YOUR TASK >> Strip out all images, then restate the data verbatim.

--- DATA SHOWN ---

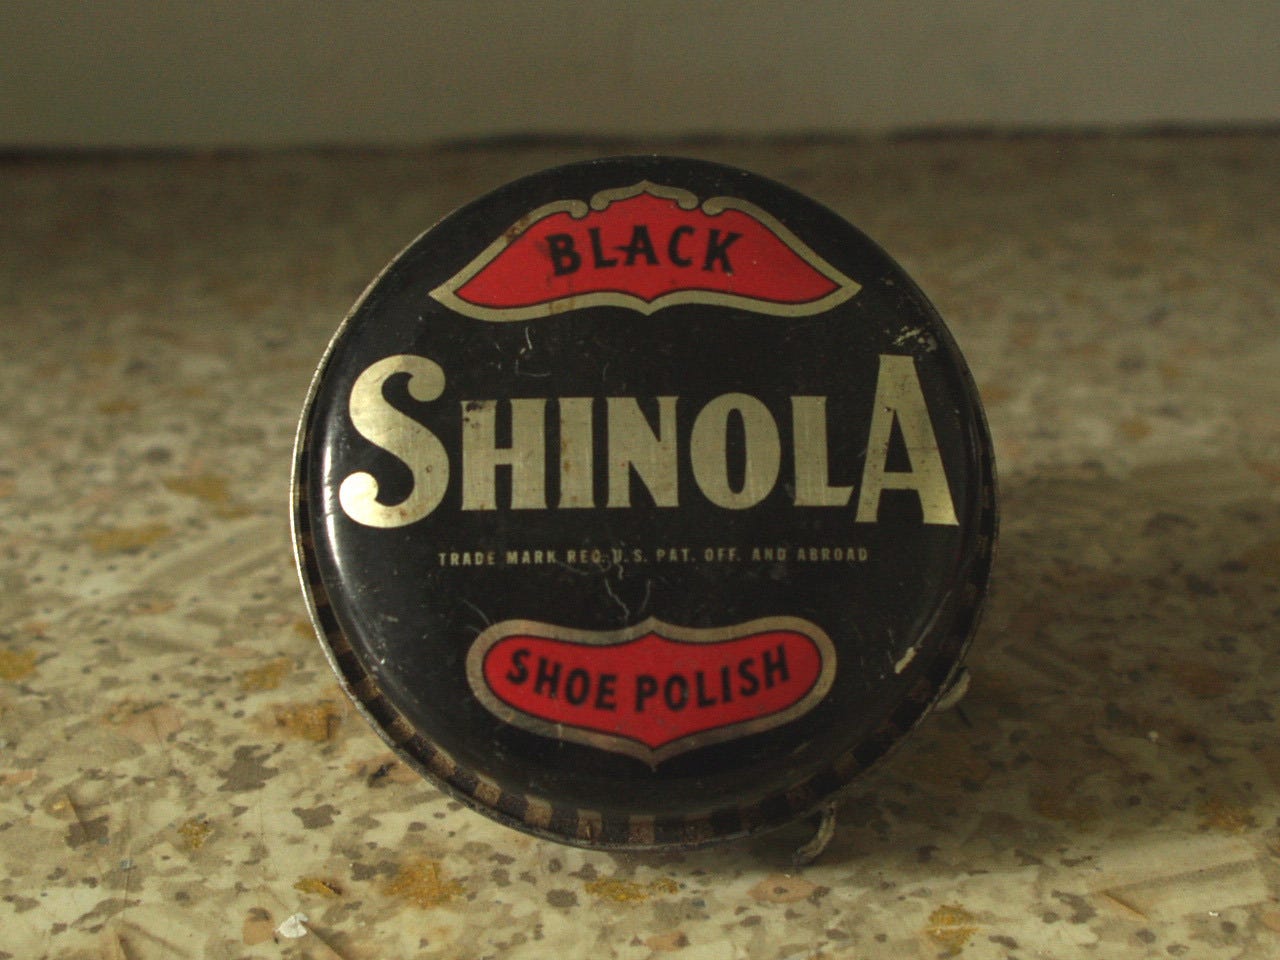 A can of Shinola
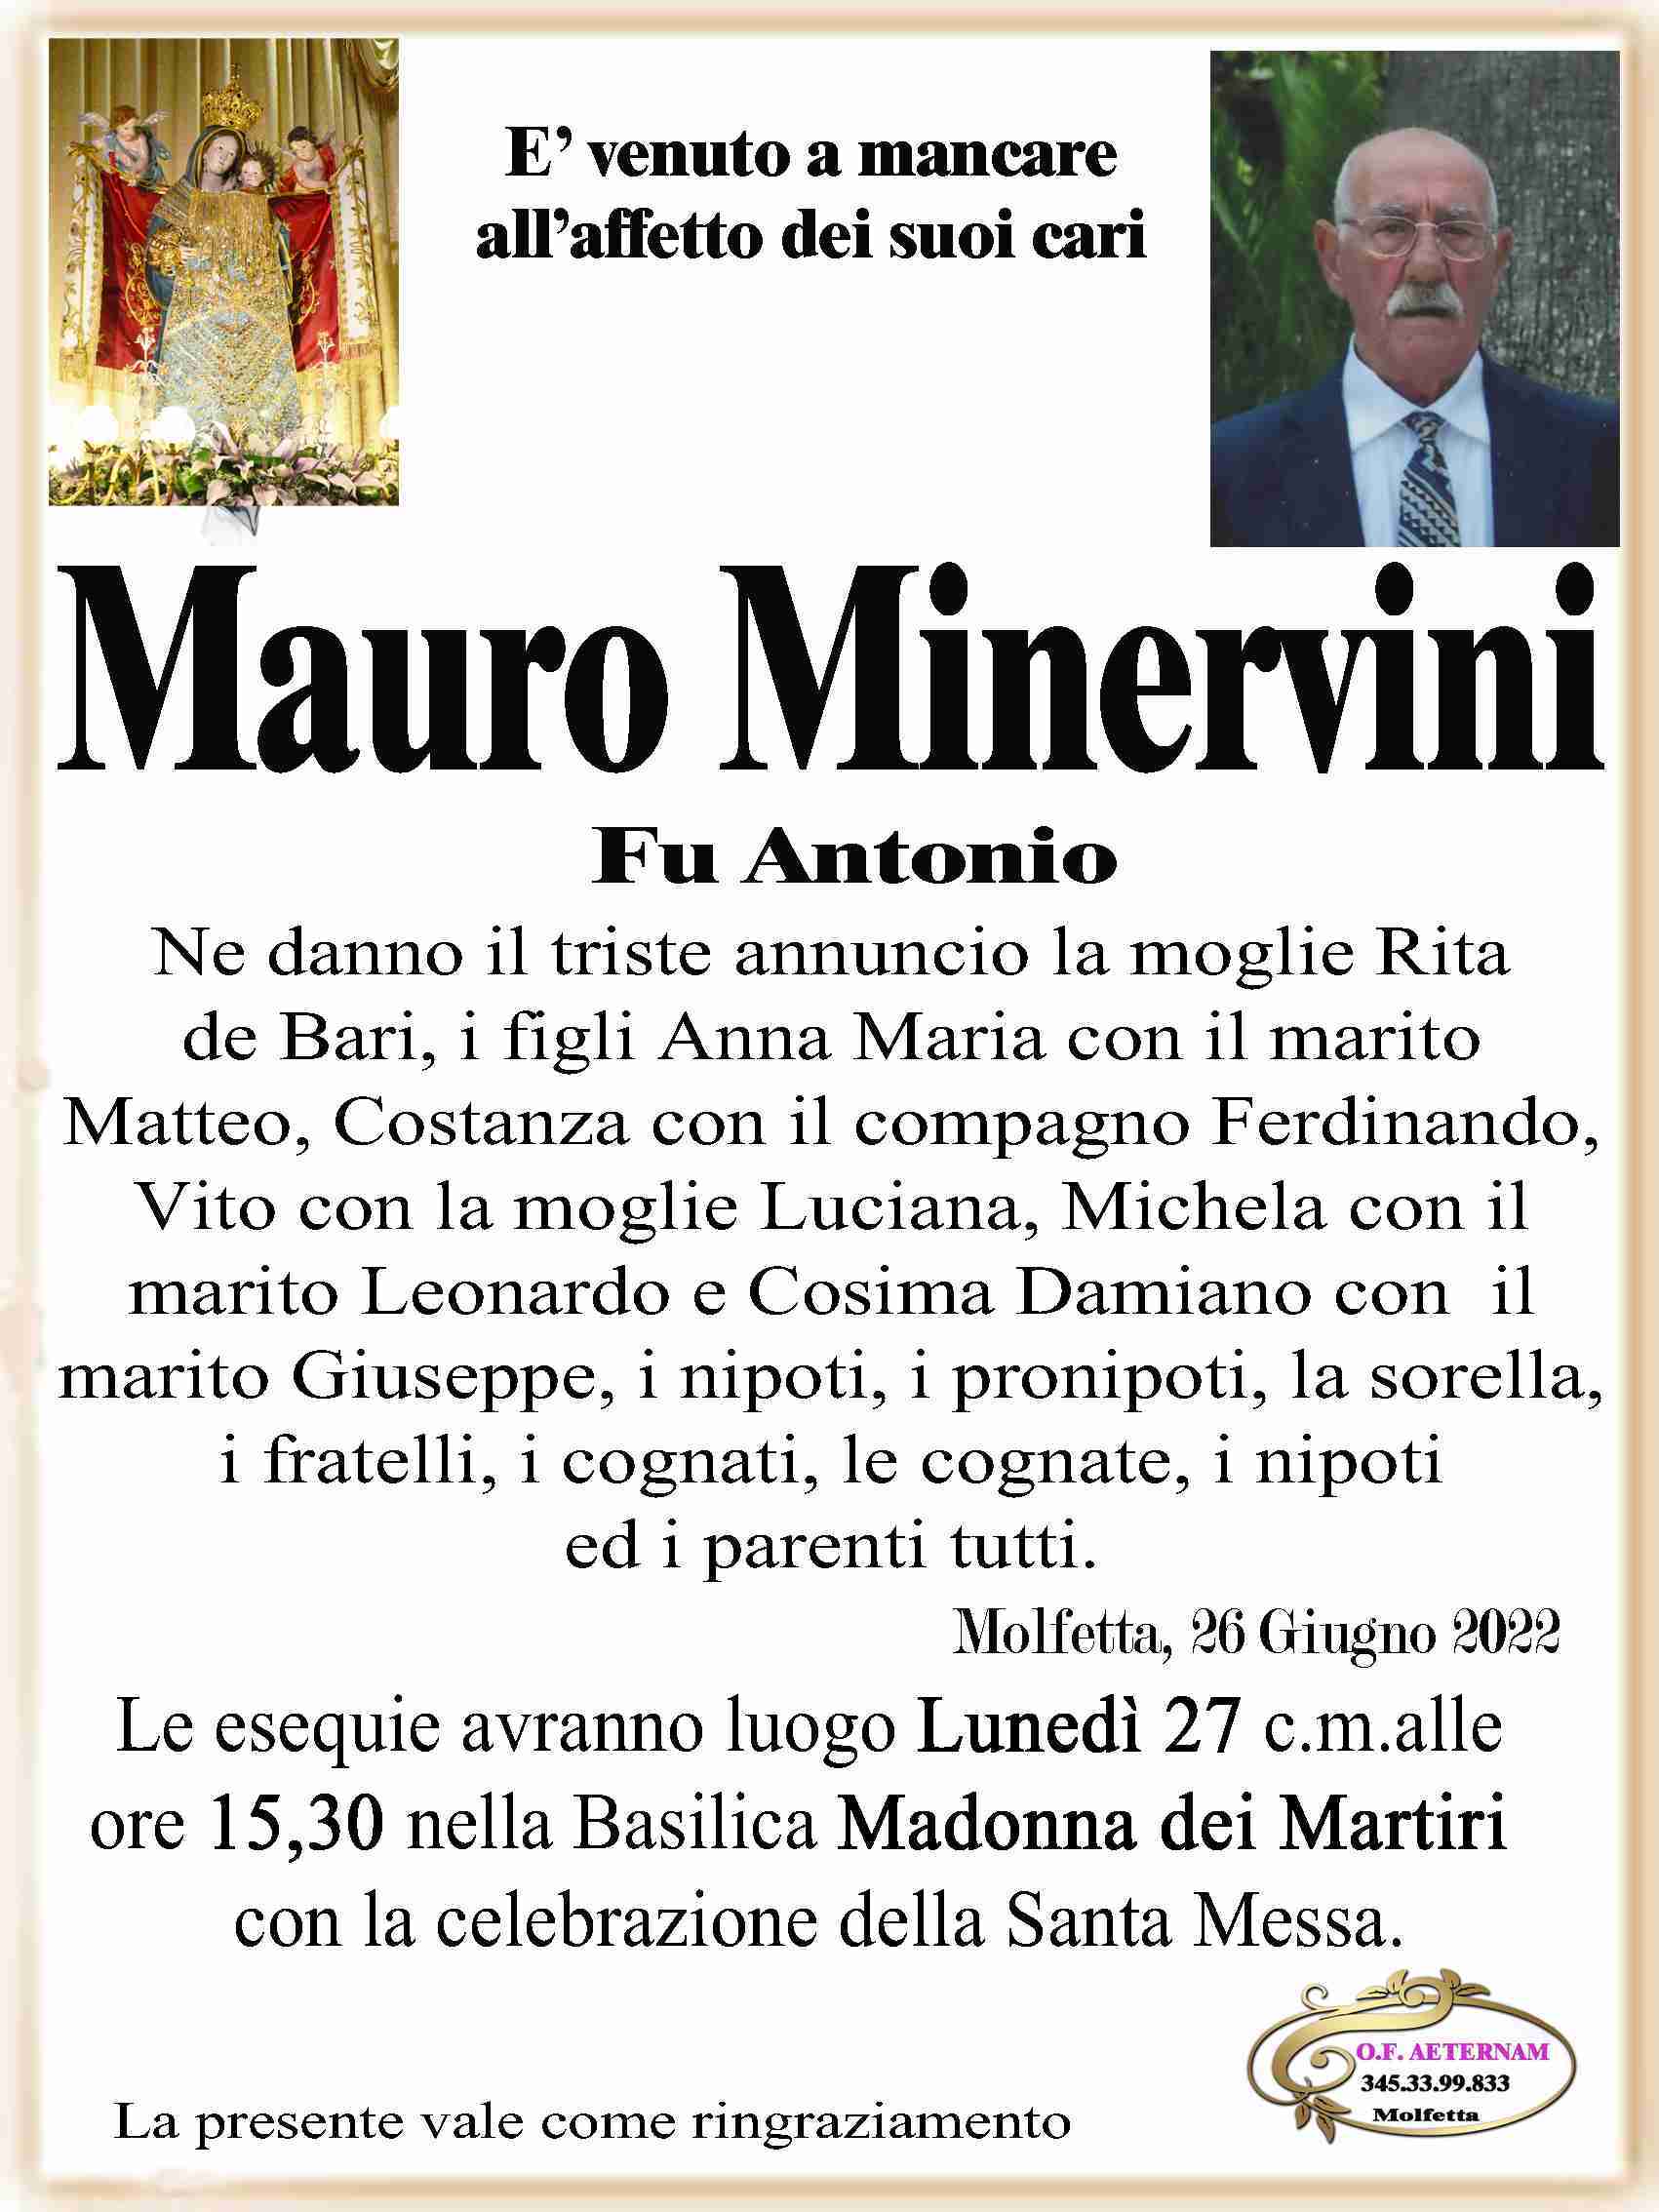 Mauro Minervini
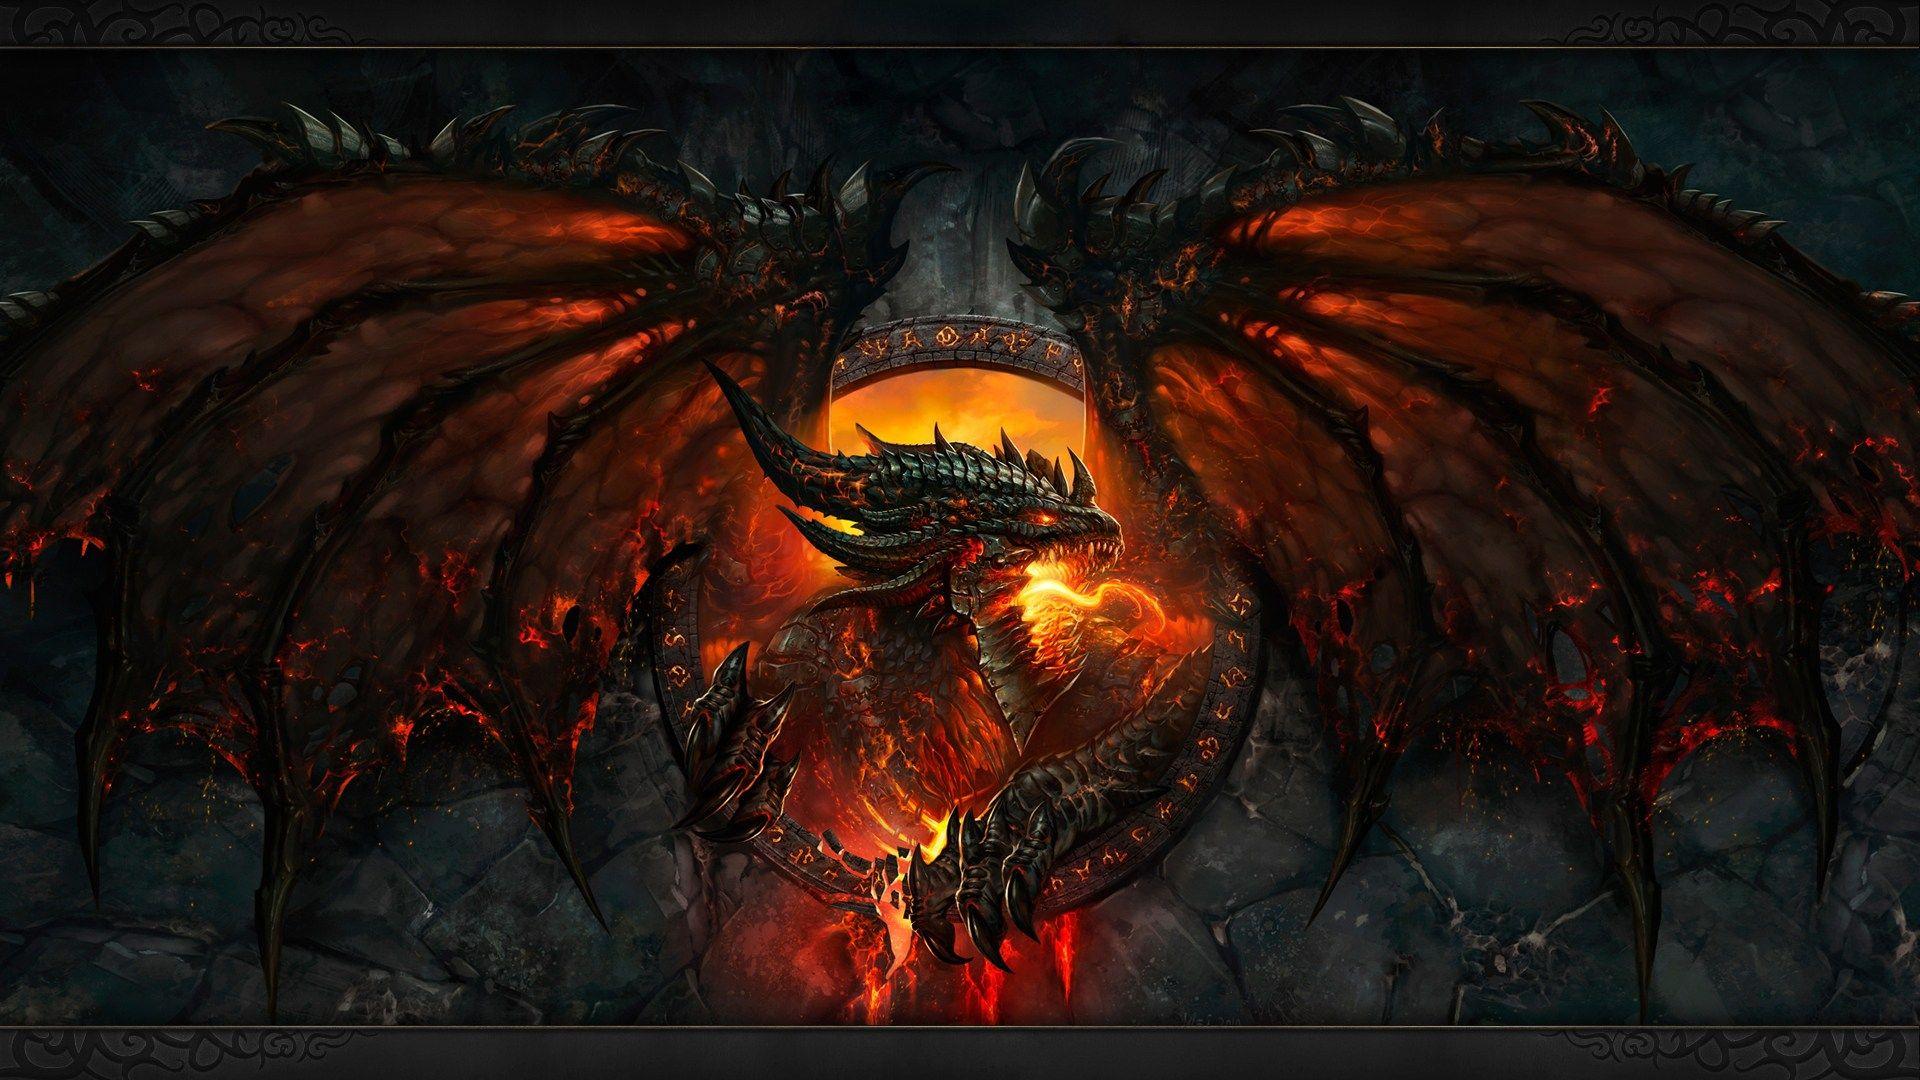 HD Dragon Wallpaper, Image, Background, Desktop
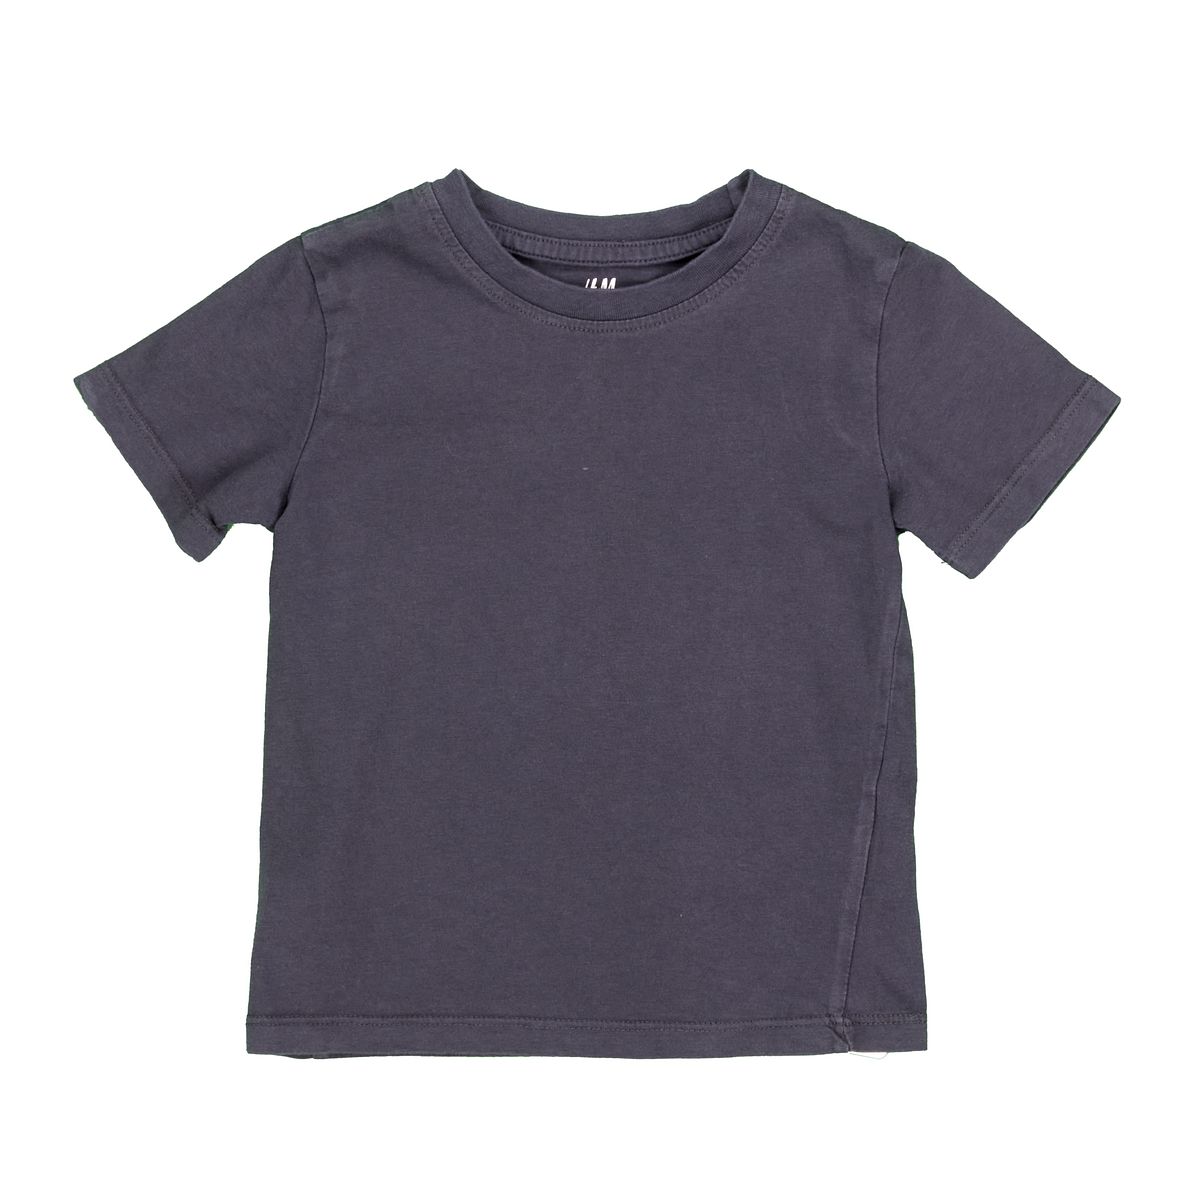 H&M T-Shirt 98 cm front preview

---

WRITTEN SOLUTION >>
 A can of Shinola
 Mauro Minervini
 HD Dragon Wallpaper, Image, Background, Desktop
 H&M T-Shirt 98 cm front preview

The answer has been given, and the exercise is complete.